I'm trying to make some Linux code on FreeBSD.

Code:
if [ -n "$VTGPT" ]; then                                                                                                                                                                  
       echo -en '\x22' | dd status=none of=$DISK conv=fsync bs=1 count=1 seek=92                                                                                                            
       xzcat ./boot/core.img.xz | dd status=none conv=fsync of=$DISK bs=512 count=2014 seek=34                                                                                              
     echo -en '\x23' | dd of=$DISK conv=fsync bs=1 count=1 seek=17908 status=none                                                                                                          
     else                                                                                                                                                                                         if [ -n "$VTGPT" ]; then                                                                                                                                                                  
       echo -en '\x22' | dd status=none of=$DISK conv=fsync bs=1 count=1 seek=92                                                                                                            
       xzcat ./boot/core.img.xz | dd status=none conv=fsync of=$DISK bs=512 count=2014 seek=34                                                                                              
       echo -en '\x23' | dd of=$DISK conv=fsync bs=1 count=1 seek=17908 status=none                                                                                                          
     else                                                                                                                                                                                      
       xzcat ./boot/core.img.xz | dd status=none conv=fsync of=$DISK bs=512 count=2047 seek=1                                                                                                
     fi

Strangely I noticed that on FreeBSD bs=1 does not work. I needed to use bs=1B.

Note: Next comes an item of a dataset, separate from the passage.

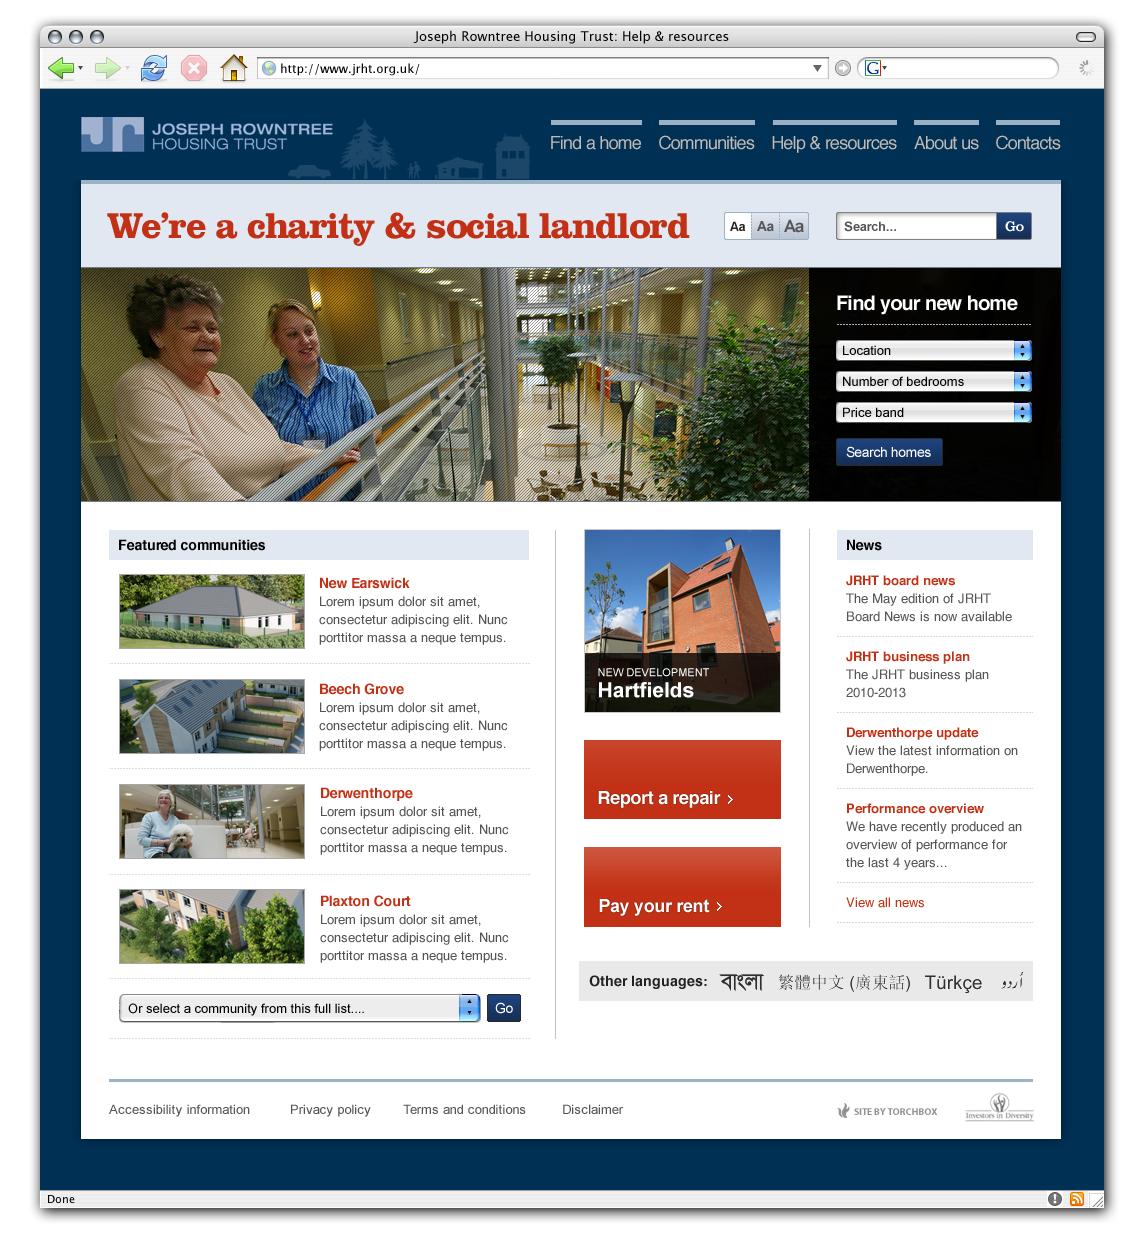 Jrht homepage

... sometime later.... don't know how I reached this conclusion... duh!
 
Since I can't get dd() to work, I thought I'd try to use sed() to change the input file before using dd(), but just to see if I can change hex value I'd try this

Bash:
sed -e 's/\x55AA/\x55BB/g' mbr > mbr-sed

but it doesn't make the change.

Can I actually use FreeBSD sed() to change hex chars?
 
Came across this suggestion


but it seems to require bash's 'ANSI-C Quoting' mechanism, whatever that is...
 
Code:
echo -n '\x23' | dd of=/dev/da0
dd: /dev/da0: Invalid argument
Makes sense. You can only write one block at a time.

I'm trying to make some Linux code on FreeBSD.
Do you know what that code is trying to do? What is the goal here? I could try to decode it myself and make educated guesses, but it's easier if you tell me what you want to accomplish.

Strangely I noticed that on FreeBSD bs=1 does not work. I needed to use bs=1B.
That changes the meaning of the dd statement. Except that if dd gets only a single byte on its input, even with bs=1B it will still write a short block, containing only one byte.
 
Code:
echo -n '\x23' | dd of=/dev/da0
dd: /dev/da0: Invalid argument

What shell are you using here?

That may work using bash's builtin echo (I don't use it, but I expect Ventoy does), but sh's echo -e doesn't do \x for hex strings. Try in sh(1):

$ echo -e "\0043\c" | hd
One byte result as ascii: |#|

Of course, far easier to use characters directly, given:

0x23 = \043 octal = '#' and
0x22 = \042 octal = |"| (doublequote)


I think consolidating these threads there would be good.
 
How do I copy a single character to a device?

This doesn't work:-

echo -n '\x22' | dd of=/dev/da0

Is this doable?
I'm a bit late to this thread and only want to comment on the use of "echo".
Using echo to produce characters other than human readable text is a bug waiting to happen. You enter the realm of SysV vs BSD madness when you use options such as echo -e or echo -n. That's why POSIX invented the printf(1) utility. It's available on BSD and Linux and Solaris and AIX and HP-UX and does exactly the same thing everywhere, while echo is a portability nightmare.
Please use printf '\x22\xAA\035%-10s!' "foo" for all your output needs and never look back.